◆ **What to work on**: Give back the full listing exactly, setting the pictures aside.

◆ **Supplied information**:
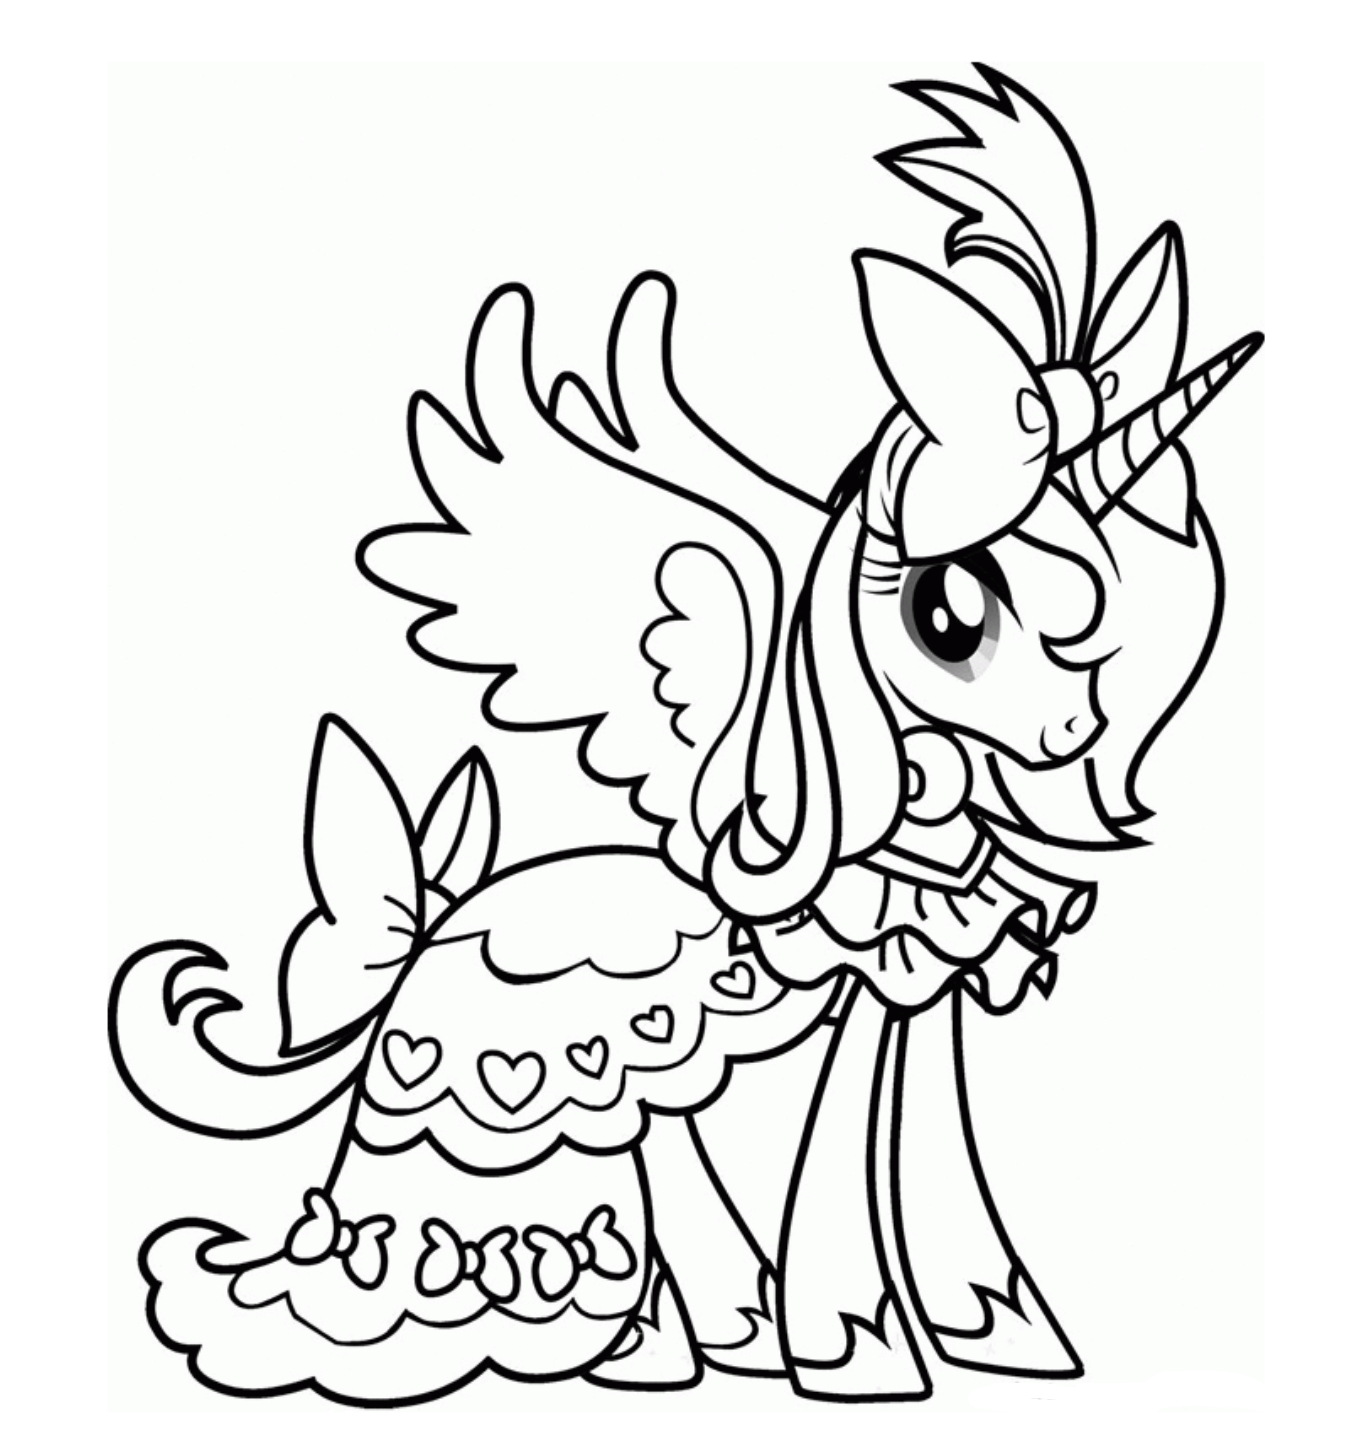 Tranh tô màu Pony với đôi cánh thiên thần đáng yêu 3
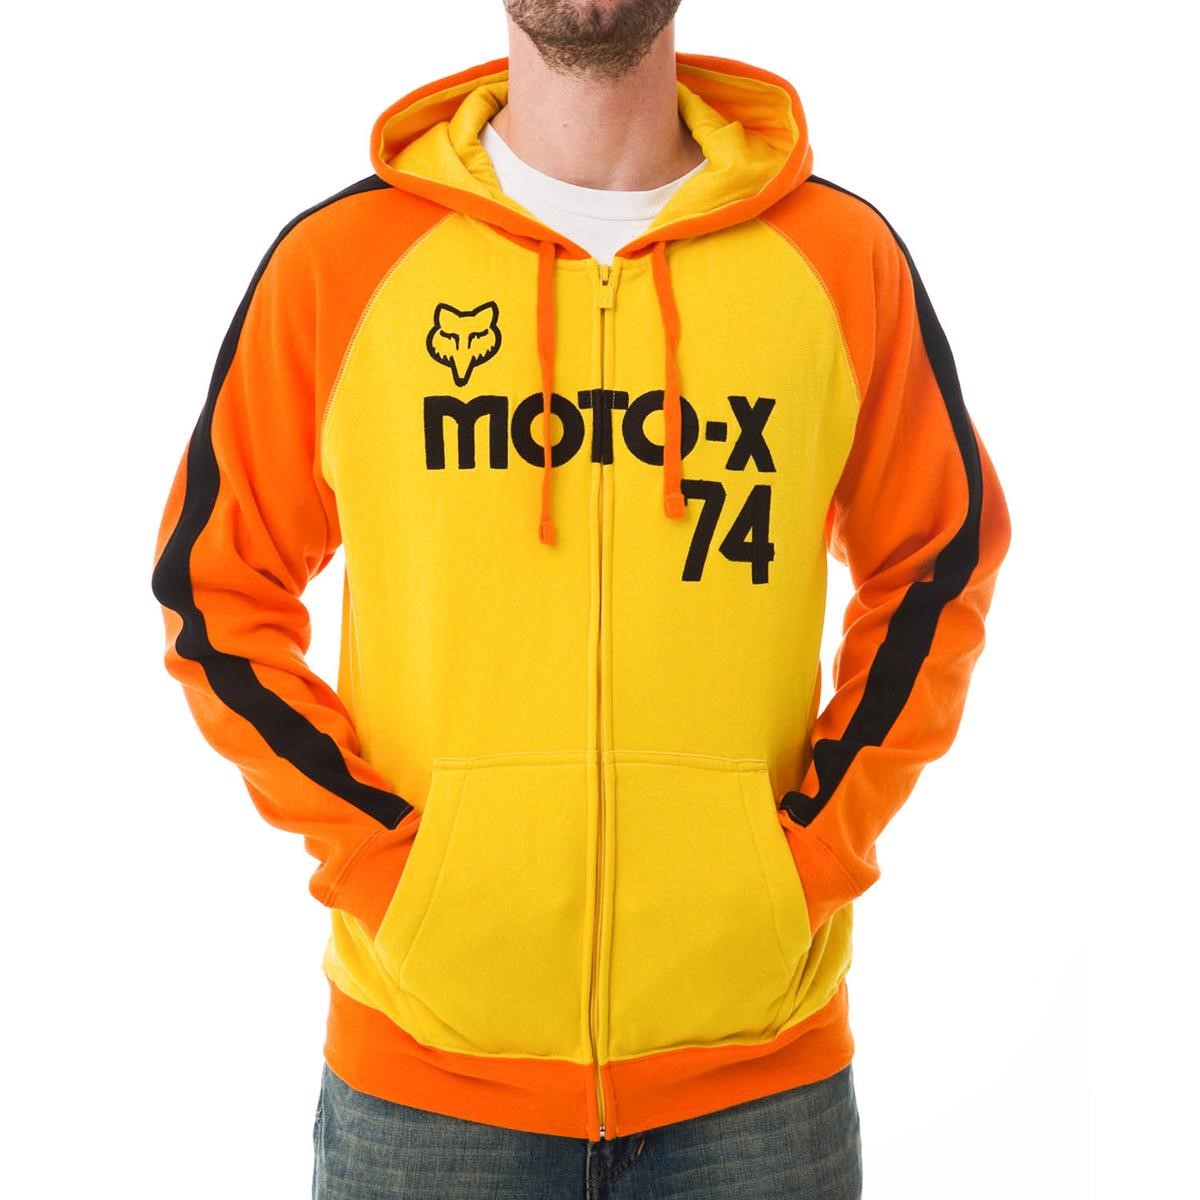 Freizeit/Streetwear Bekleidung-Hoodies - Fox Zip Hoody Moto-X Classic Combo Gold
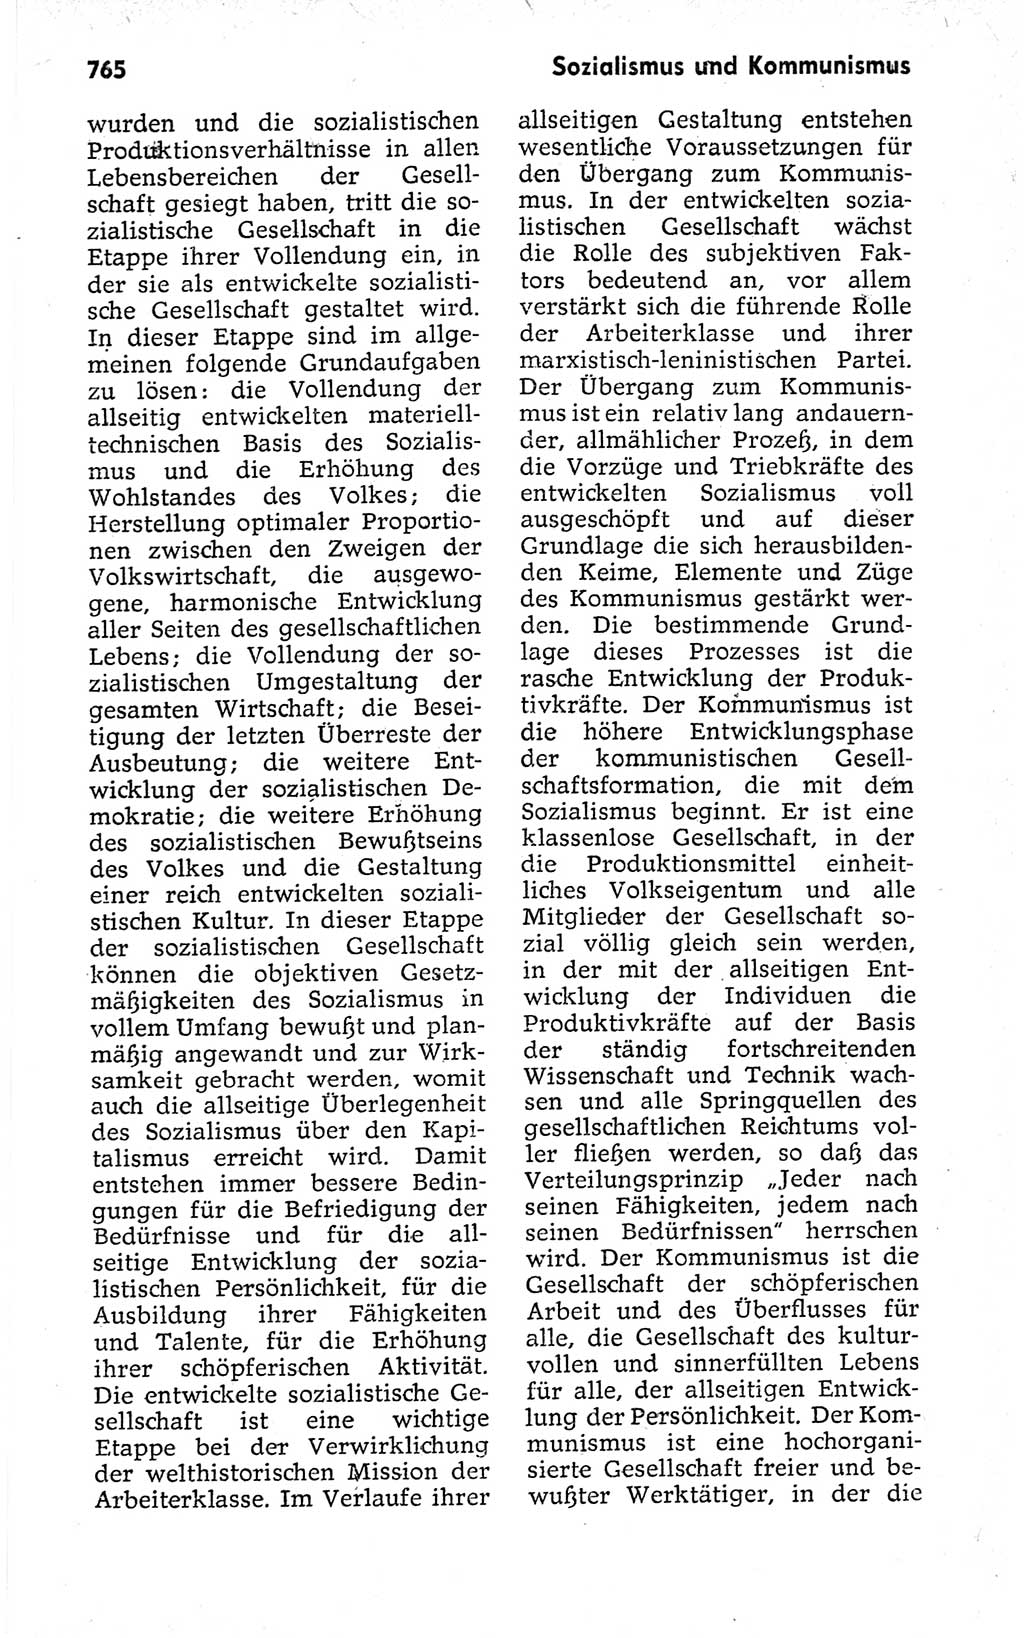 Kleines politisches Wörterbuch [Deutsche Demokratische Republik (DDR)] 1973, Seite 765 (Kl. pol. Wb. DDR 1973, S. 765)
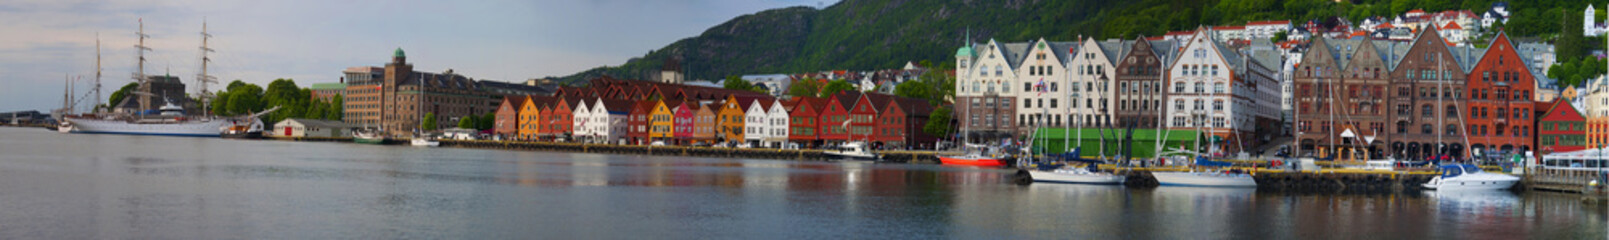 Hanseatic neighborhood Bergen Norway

◆ **The completed task**:
 Tranh tô màu Pony với đôi cánh thiên thần đáng yêu 3
 Freizeit/Streetwear Bekleidung-Hoodies - Fox Zip Hoody Moto-X Classic Combo Gold
 Kleines politisches Wörterbuch [Deutsche Demokratische Republik (DDR)] 1973, Seite 765 (Kl. pol. Wb. DDR 1973, S. 765)
 Hanseatic neighborhood Bergen Norway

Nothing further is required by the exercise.